All geek questions in one place

How to limit the number of user requests made per minute

The user will request the file by number via the URL, for example script.php?userid=222 . In this example, file entry # 222 will be shown.

Now I want to limit the number of files per user (remote IP) to 5 different records per minute. However, the user must be able to access the same id record for any amount of time.

Thus, the user can access file # 222 any number of times, but if the user (remote IP) accesses more than 5 other entries in a minute, then he should show an error.

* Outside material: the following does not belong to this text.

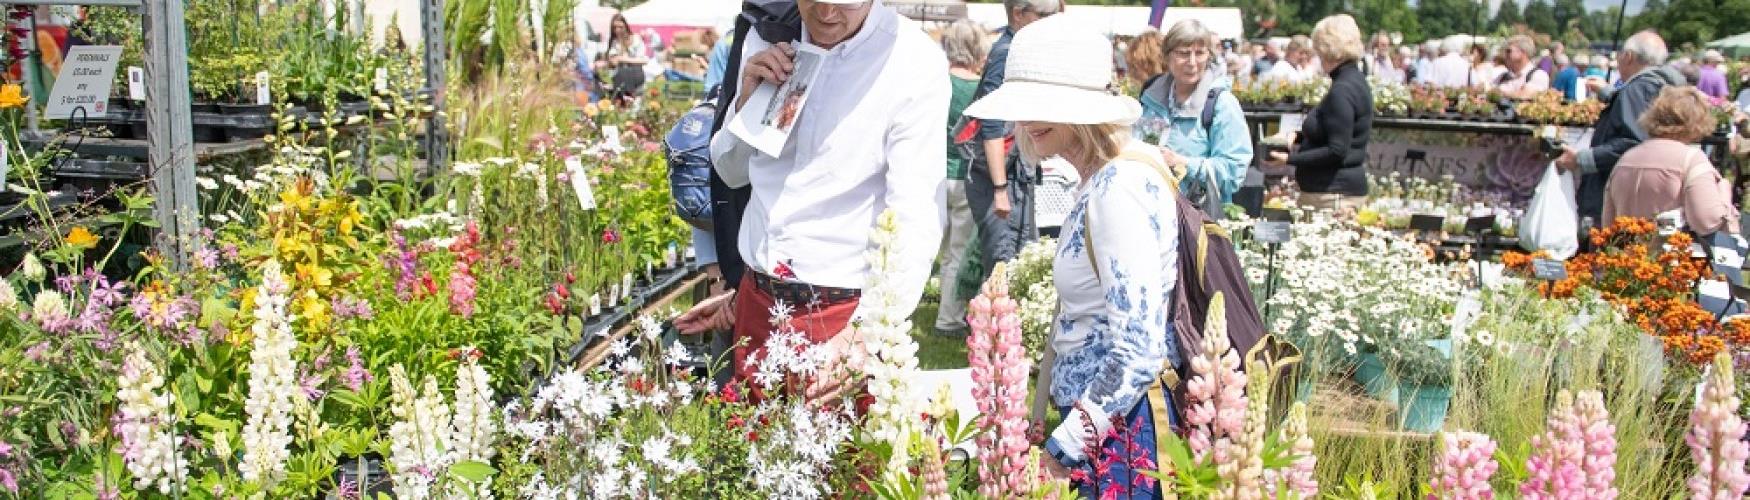 Couple admiring flowers at Blenheim Palace Flower Show

For example, suppose the following requests are made within a minute:

 script.php?userid=222 script.php?userid=523 script.php?userid=665 script.php?userid=852 script.php?userid=132 script.php?userid=002

then at the last request it should show an error message.

Here is the basic code:

 $id = $_GET['userid']; if (!isset($_GET['userid']) || empty($_GET['userid'])) { echo "Please enter the userid"; die(); } if (file_exists($userid.".txt") && (filemtime($userid.".txt") > (time() - 3600 * $ttime ))) { $ffile = file_get_contents($userid.".txt");} else { $dcurl = curl_init(); $ffile = fopen($userid.".txt", "w+"); curl_setopt($dcurl, CURLOPT_URL,"http://remoteserver.com/data/$userid"); curl_setopt($dcurl, CURLOPT_RETURNTRANSFER, TRUE); curl_setopt($dcurl, CURLOPT_HTTP_VERSION, CURL_HTTP_VERSION_1_0); curl_setopt($dcurl, CURLOPT_TIMEOUT, 50); curl_setopt($dcurl, CURLOPT_FILE, $ffile); $ffile = curl_exec($dcurl); if(curl_errno($dcurl)) // check for execution errors { echo 'Script error: ' . curl_error($dcurl); exit; } curl_close($dcurl); $ffile = file_get_contents($userid.".txt"); }
+5
source share
1 answer

Instead of relying on an IP address, you can use a session mechanism. You can create a session scope using session_start() , and then save the information that is stored in the same user session.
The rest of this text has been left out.